Initial efforts at bladder cancer screening have focused on the detection of haematuria [1]. Especially high-grade tumors can become muscle invading, which may lead to haematuria. GH is therefore considered an important sign of bladder cancer. A classification into µH and GH is important because four out of nine UroScreen cases with high-grade bladder cancer showed abundant erythrocytes until diagnosis. While visible blood is a relatively rare symptom, asymptomatic occult urinary bleeding is a common finding. µH is an intermittent symptom in urine samples, where the probability of detection increases with the number of samples per subject. Various factors influence the detection of blood in urine and thus the measures of prevalence or risk. Urinary leukocytes turned out as major predictor of both µH and, even stronger, GH. While dipsticks can also detect Hb, the analysis of the sediment allows only counting intact cells. A detailed technical assessment of the diagnostic tests has been given by Rodgers et al. [7]. Dipsticks are point-of-care tests where readouts are possible that provide an automated calling of semi-quantitative results on the content of erythrocytes and leukocytes. Microscopic evaluation needs expertise and can be prone to observer bias. Automated investigations are possible but not commonly applied in practice. Further, microscopy was evaluated as generating more false-negative results, and dipstick testing might generate more false-positive results. Here we combined results from both methods. Only 40% of our samples were free of erythrocytes or Hb, and 2% demonstrated GH. Misclassification of haematuria is possible by low cell content in urines with <0.50 g/L creatinine. This cut-off was chosen according to the 10th percentile of creatinine in elderly German men [20]. Low creatinine might serve as a potential proxy for retention time and fluid consumption.

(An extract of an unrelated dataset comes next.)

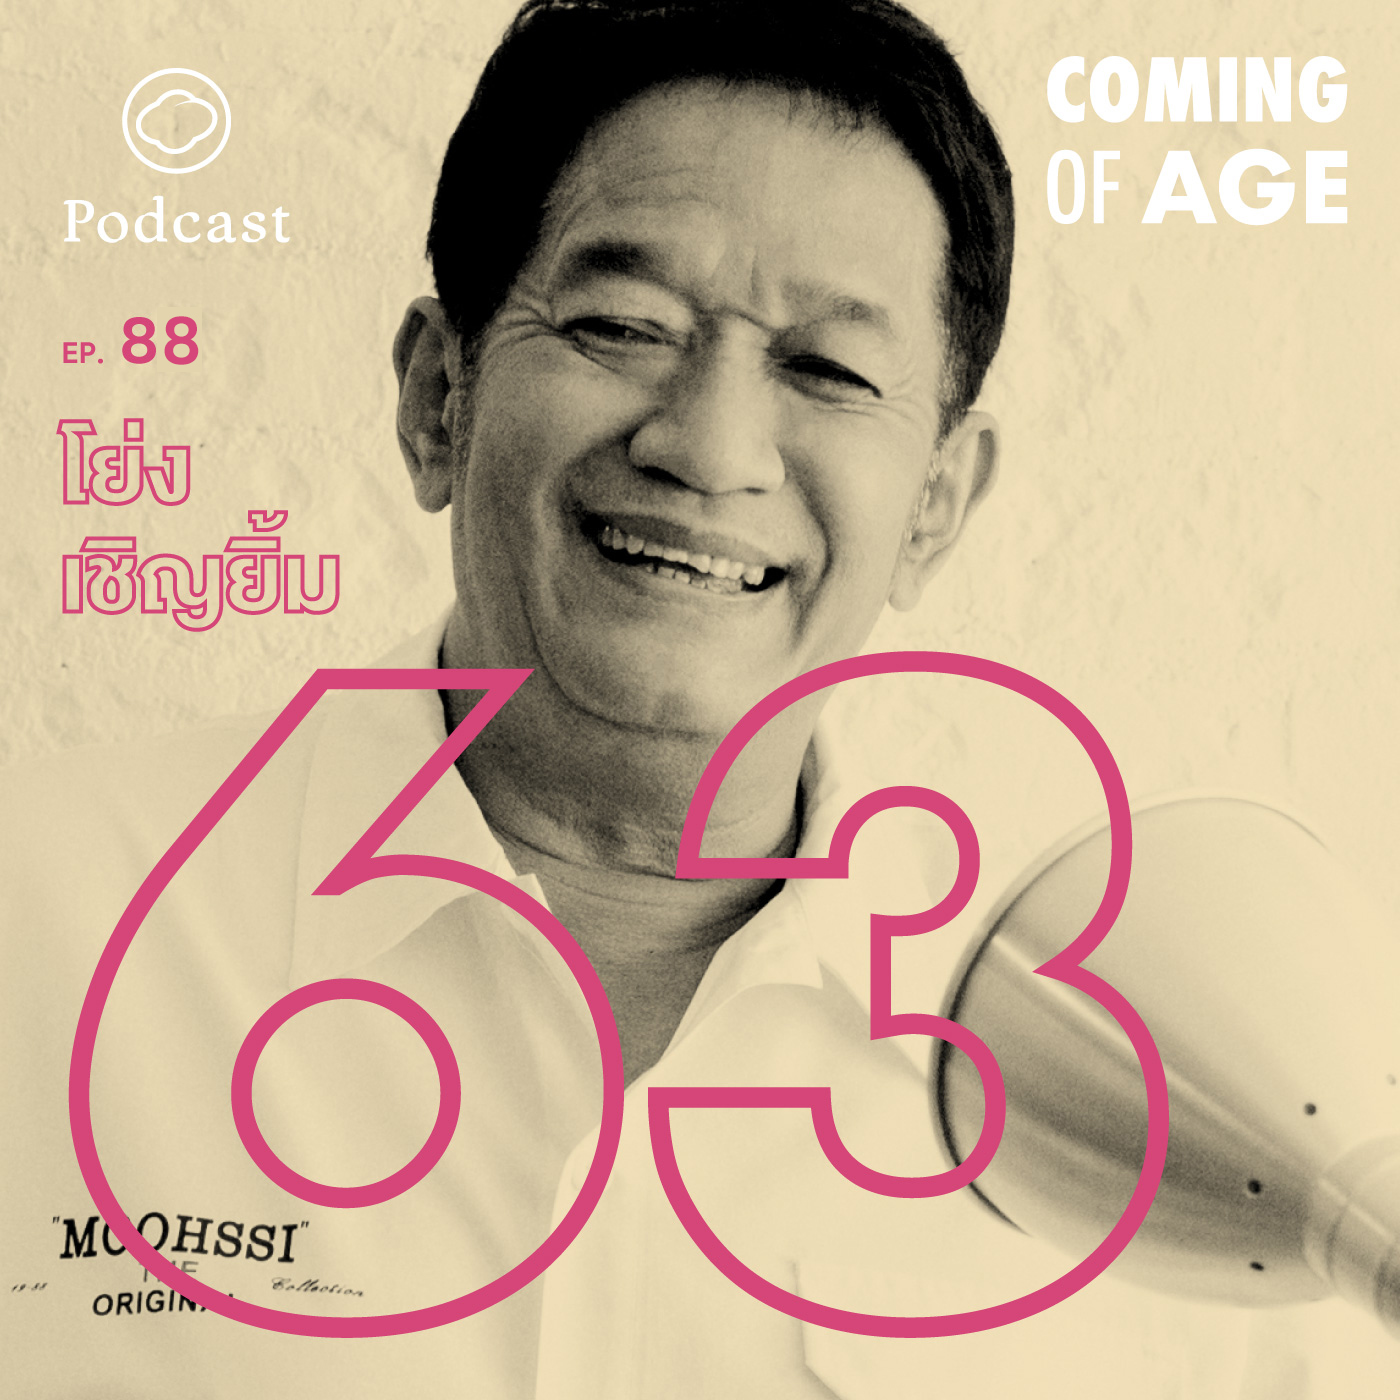 Coming of Age | EP. 88 | โย่ง เชิญยิ้ม วัย 63 อดีตดาวร้ายลิเกผู้ทำให้คนไทยร้อง ’เอชา’ ได้ทั่วเมือง - The Cloud Podcast

Current guidelines for US urologists recommend cystoscopic evaluation of elderly adults with µH. Former and incident bladder cancer were predictors of GH but not of µH. Further, µH was not associated with a bladder cancer risk. This was also reflected in the low PPV of 1.2% for µH that increased up to 11.4% for GH, in particular for high-grade tumours. A low PPV has also been reported for NMP22® BladderChek [13]. These low PPVs should be critically taken into account in clinical routine although PPVs can be improved in subjects at excess risk for bladder cancer [21]. However, dipsticks are important tools to determine urinary blood, leukocytes and creatinine for tumour tests because these parameters influenced the results.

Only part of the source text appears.